Triage required from @Azure/aks-pm

ghost commented 1 year ago

Action required from @Azure/aks-pm

ghost commented 1 year ago

Issue needing attention of @Azure/aks-leads

jan-delaet commented 1 year ago

Do you have any feedback on this?

ghost commented 1 year ago

Issue needing attention of @Azure/aks-leads

ghost commented 1 year ago

Issue needing attention of @Azure/aks-leads

philwelz commented 1 year ago

had the same issue, the system node pool was tainted with CriticalAddonsOnly and a user node pool with 0 nodes and auto-scaling enabled onto 2 nodes.

The extension manager & agent did not even scale up the user node pool....

ghost commented 1 year ago

Action required from @Azure/aks-pm

matthchr commented 1 year ago

I expect the AKS extension manager to be able to be scheduled on tainted nodes, either out of the box by tolerating the CriticalAddonsOnly=true:NoSchedule taint or by allowing the user to configure the tolerations themselves.

You're correct. The Extension Manager pod should have this toleration. That's a bug on our end. @bavneetsingh16 is working on fixing this.

we would then also need to be able to do the same thing for the FluxV2 extension components itself.

I think that FluxV2 has this toleration already, although I actually believe that it shouldn't. If you look at the description of when the CritialAddonsOnly annotation [should be used]():

You can enforce this behavior by creating a dedicated system node pool. Use the CriticalAddonsOnly=true:NoSchedule taint to prevent application pods from being scheduled on system node pools.

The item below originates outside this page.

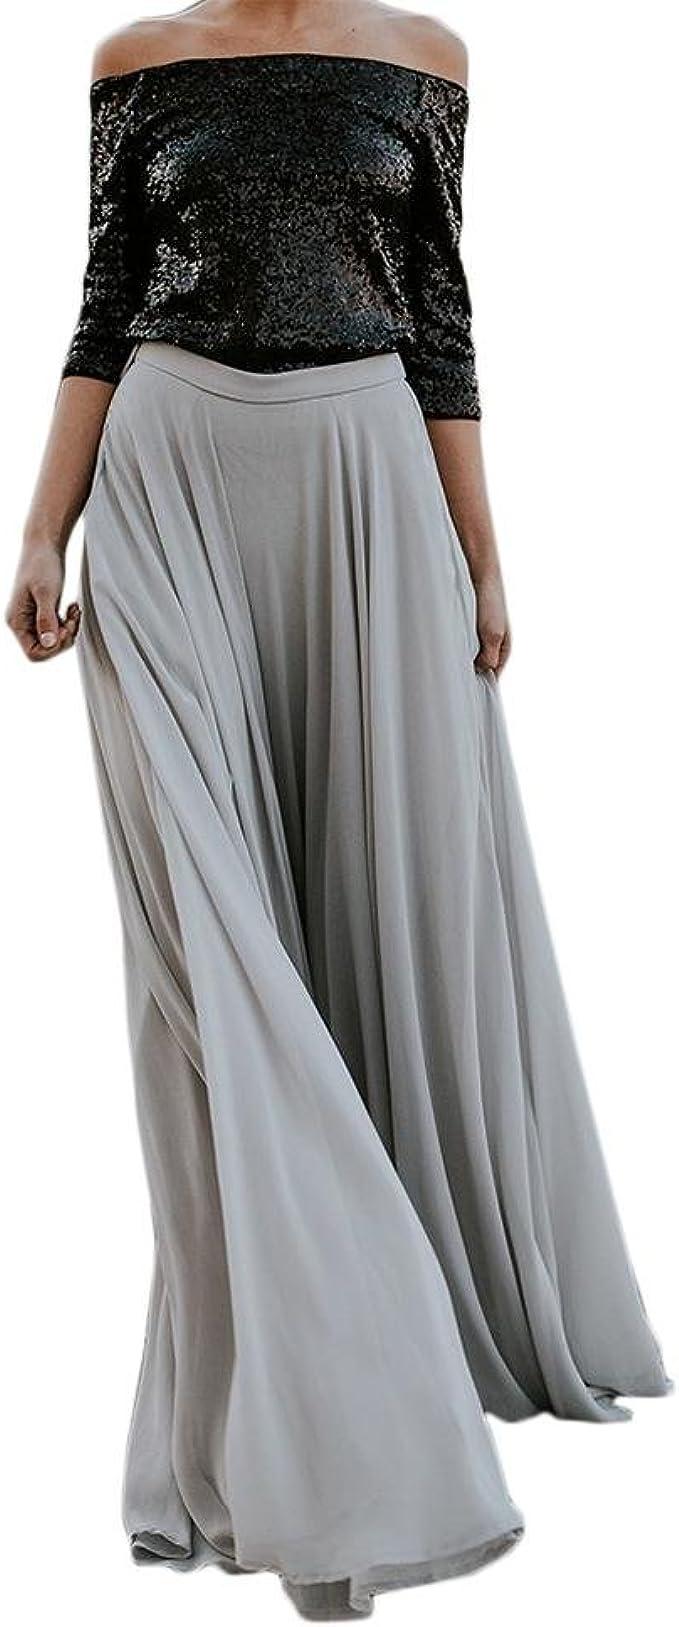 HNTDG Summer Womens Fashion Double Layer Skirt Chiffon Skirt in Solid Color Maxi Skirt Elastic Waist Skirt
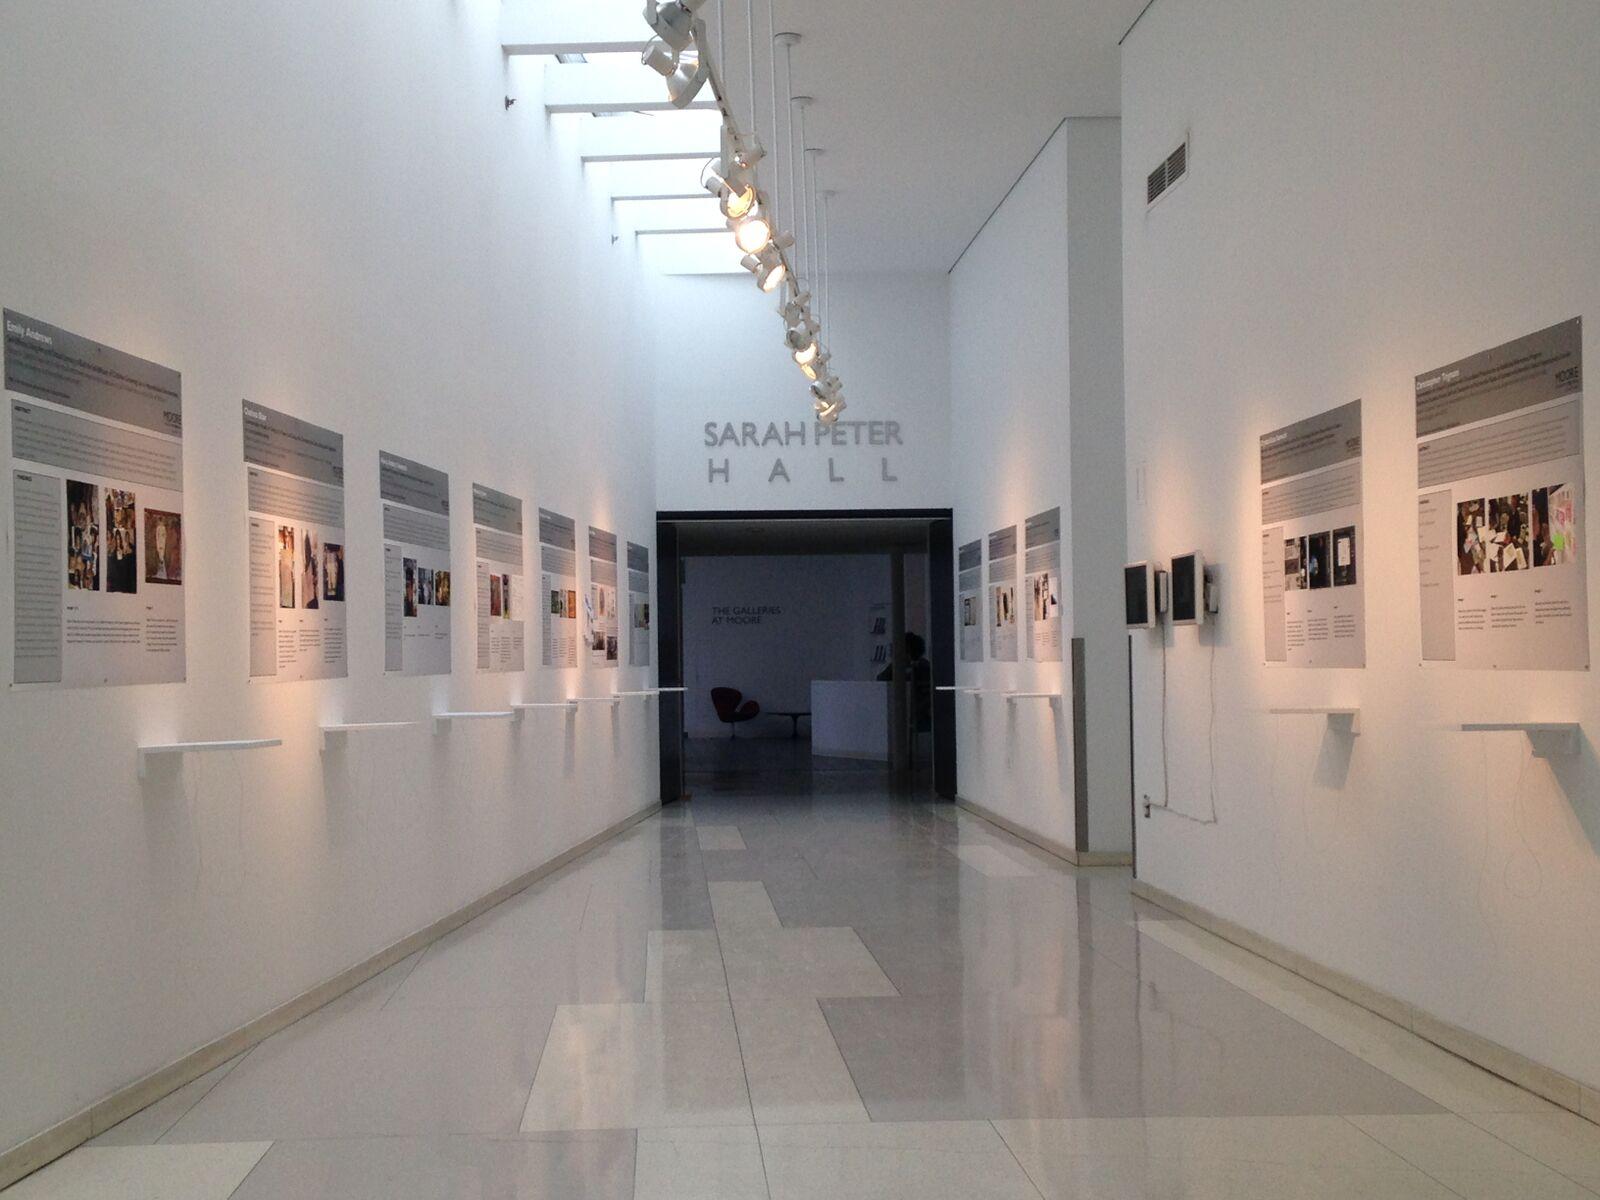 Moore gallery hallway.

IMO, from the perspective of AKS/Kubernetes, Flux is an application pod. It should be scheduled on the application node pool. With that said there are probably cases where the user really does want to ensure that a particular extensions pods tolerate this taint. We don't want to bake that into every extension though as some extensions may be critical for some users while noncritical for others. As you suggested, the ability to configure additional tolerations on the extension at deployment time seems a reasonable ask. @bavneetsingh16 can point you to a good place to file an issue tracking that ask (or we can track it via a separate issue in this repo if we prefer).

Create a vanilla AKS cluster with a single system node pool, no user node pools. Taint this node pool with the CriticalAddonsOnly=true:NoSchedule taint.

I know this was part of the step for minimal reproduction, and you're 100% correct about the issue you raised, but I just want to highlight (for other readers) that a cluster with only a single system node pool with CriticalAddonsOnly=true:NoSchedule is nonsensical. If there's no other node pool to schedule application pods to, the cluster isn't useful. On the other hand if all application pods tolerate CriticalAddonsOnly=true:NoSchedule then there's no reason to set the taint at all. Really this taint only makes sense on clusters with >1 pool.

ghost commented 1 year ago

Action required from @Azure/aks-pm

ghost commented 1 year ago

Issue needing attention of @Azure/aks-leads

pradeepjsr05 commented 1 year ago

We are adding inbuilt capability to schedule AKS extension manager on CriticalAddOnsOnly tainted nodes. This work is in progress. We will also provide ability to configure additional tolerations on the extension at the deployment time. As of now, we don't have an exact ETA for this enhancement.

In the meanwhile, we suggest below mitigations for the customers to get unblocked:

jan-delaet commented 1 year ago

Hello, any update on this?

ghost commented 1 year ago

Action required from @Azure/aks-pm

ghost commented 1 year ago

Issue needing attention of @Azure/aks-leads

ghost commented 1 year ago

Issue needing attention of @Azure/aks-leads

ngbrown commented 1 year ago

I came across this issue as well. I have two node pools, one the system node pool, and another, is a spot node pool. Both node pools end up having taints. The extension-agent and extension-operator deployments are the only ones in the cluster with no nodes being able to schedule.

Even those these are fully controlled by Microsoft, is there a way to patch in the appropriate toleration per cluster? This would also help for excessive resource requirements.

ghost commented 1 year ago

Issue needing attention of @Azure/aks-leads

ghost commented 1 year ago

Issue needing attention of @Azure/aks-leads

pradeepjsr05 commented 1 year ago

A code change has been rolled out to add the toleration for CriticalAddOnsOnly taint for extension platform pods. Let us know if you still face this issue.

ngbrown commented 8 months ago

The change has been working for me.

matthchr commented 8 months ago

Going to go ahead and close this given the immediate fix seems to be working for folks. The Extensions team still has a backlog item to allow users to override the tolerations via the extensions CLI.

kc8421 commented 4 months ago

@matthchr, is there some item in AKS roadmap or somewhere else to track this backlog item? It seems that running Flux on cluster which is having only node pools with spot instances aren't working successfully without ability to override toleration.

matthchr commented 4 months ago

@kc8421, the AKS team does not own the flux Extension. @pradeepjsr05's team does I believe.

He may know a better place to report the issue with Flux not working on spot nodes.

bavneetsingh16 commented 4 months ago

The Flux application is currently unable to operate on spot instances due to the unique taints associated with these instances. You can find more details about these taints on the Microsoft Azure documentation.

At present, there isn't a persistent method to update the tolerations for the Flux extension. However, as a temporary solution, you can manually edit the deployment for the Flux controllers and add the required toleration. Please be aware that if the extension is upgraded, the manually added toleration will be reset, potentially leading to provisioning issues with the controllers.